Like many women, I have struggled off and on with my weight for many years. For me personally, I didn’t really have any issues in high school or college, other than the typical gaining of 20 or so pounds done by most college-aged kids.

In my mid-twenties, however, while living in my very first NYC apartment in Brooklyn, I suffered and survived through a terrible sexual trauma. This event led me to gain an enormous amount of weight, over a lot of time. I began using food for comfort, for avoidance, and for a way to shield myself against getting hurt again by men. (“If I’m fat, nobody will touch me. If nobody touches me, nobody can ever hurt me again.” That was the logic.)

Eventually, after many years, I got my weight under control. I wasn’t skinny by any means, but I was no longer dangerously large either. I was on my way. And then, out of nowhere in 2011, my 46 year old healthy and active husband, collapsed one morning, went into cardiac arrest, and died. Once again, in my grief, my weight went up and I started eating out of loneliness, pain, and boredom.

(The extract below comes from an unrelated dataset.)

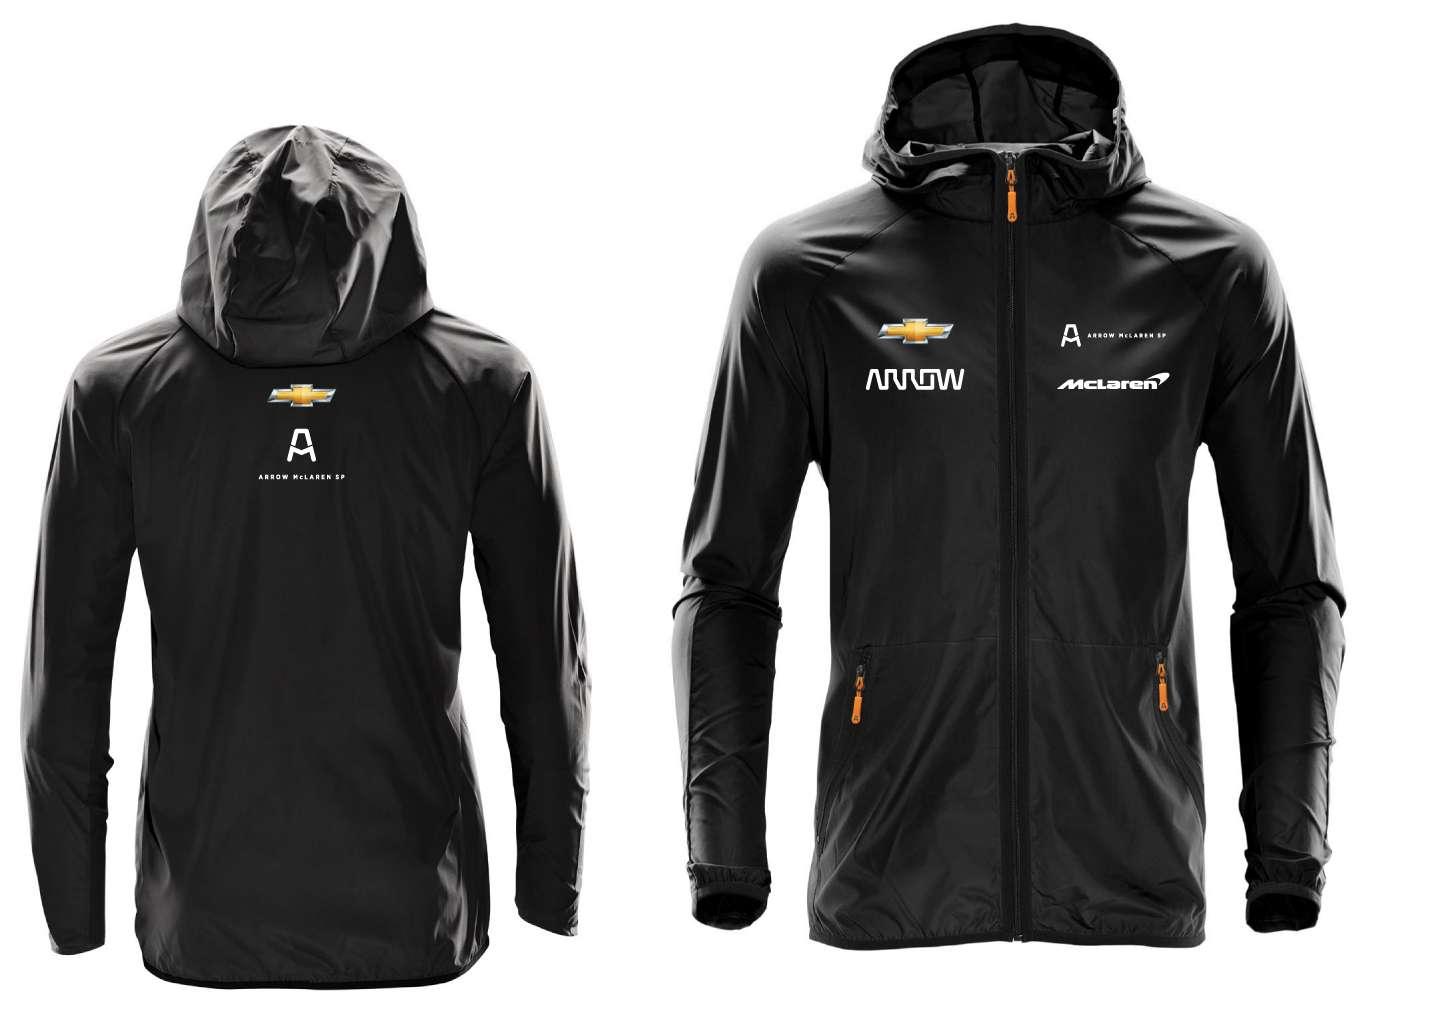 4XL Men's Official Team Rain Jacket

The past couple of years, I have finally started to do better. I walk most mornings, love to swim, and try to live a mostly healthy lifestyle. But it’s a daily battle. One thing that helps , for me, is having a sense of humor about life. About the things we all struggle with.

Often times, I will be all set to go and work out, and then I will somehow talk myself out of it. Motivation is so hard, and I’m sure it is something that most of us have a tough time with. I thought it might be fun to share a humorous list of ridiculous reasons I have actually used or at least thought to myself, of why I can’t possibly go work out today.

valentine's day alone workout

Maybe you have used some of these yourself. If you havent, you are welcome to borrow a few.

 Here are my Top 15 Excuses Why I can’t possibly Go to the Gym and Exercise Today:

  1. I can’t go because I can’t find my gym pants.
  2. I can’t go because I found my gym pants, but they have hair on them.
  3. Where are my sneakers? Oh, I’ll never locate them in this mansion of an Apartment! Forget it. I’m not going.
  4. (To my mom, who I share a car with right now) Well, you need the car in 4 hours, right? Yeah. I’ll never make it back in time. Better not chance it.
  5. I think the pool at the gym is closed today. They are working on repairs or something for it. (I have actually said this one out loud more than once, and it’s usually a lie. Once in awhile it’s true, but usually, it’s a total fabrication. )
  6. Where the hell are those gym pants?
  7. (This one has to be said in a panicky voice) It’s already 5pm. By the time I eat dinner, change into gym clothes, get the gym bag all packed up and ready, yadda yadda yadda, it’ll be August! They close at 10pm. I HAVE NO TIME!!!
  8. I JUST went to the gym five days ago! Who am I, Jillian Michaels???
  9. I can’t remember my locker combination.
  10. It’s the weekend. It’s going to be SO PACKED!!! Screw it.
  11. We don’t have any clean towels! Looks like Im staying home!
  12. My bathing suit is still wet from the last time I went.
  13. There’s not enough gas in the car. I’ll never make it there.
  14. It’s too hot / cold / rainy / snowy outside. Who wants to be out in this weather?
  15. It’s beautiful outside. Who wants to be stuck inside a gym in this great weather?

As you can see, ANYTHING can be used as an excuse not to get healthier, even reasons as ridiculous as the ones in this list.

If we try and create a mindset for ourselves that exercise is just another part of staying healthy and well, like brushing your teeth, good hygiene, or a balanced diet, it might become ingrained in us, and therefore easier to actually get out there and do it. I always feel better when I’m healthier. It’s just making myself get up and actually do it – that is where the challenge has always been.

So here’s a new challenge, for myself, and for everyone reading this. Each day, try and do at least one thing with the specific intention of living a healthy lifestyle. Just one thing. Start writing down your one thing, and then expand to two, and so on.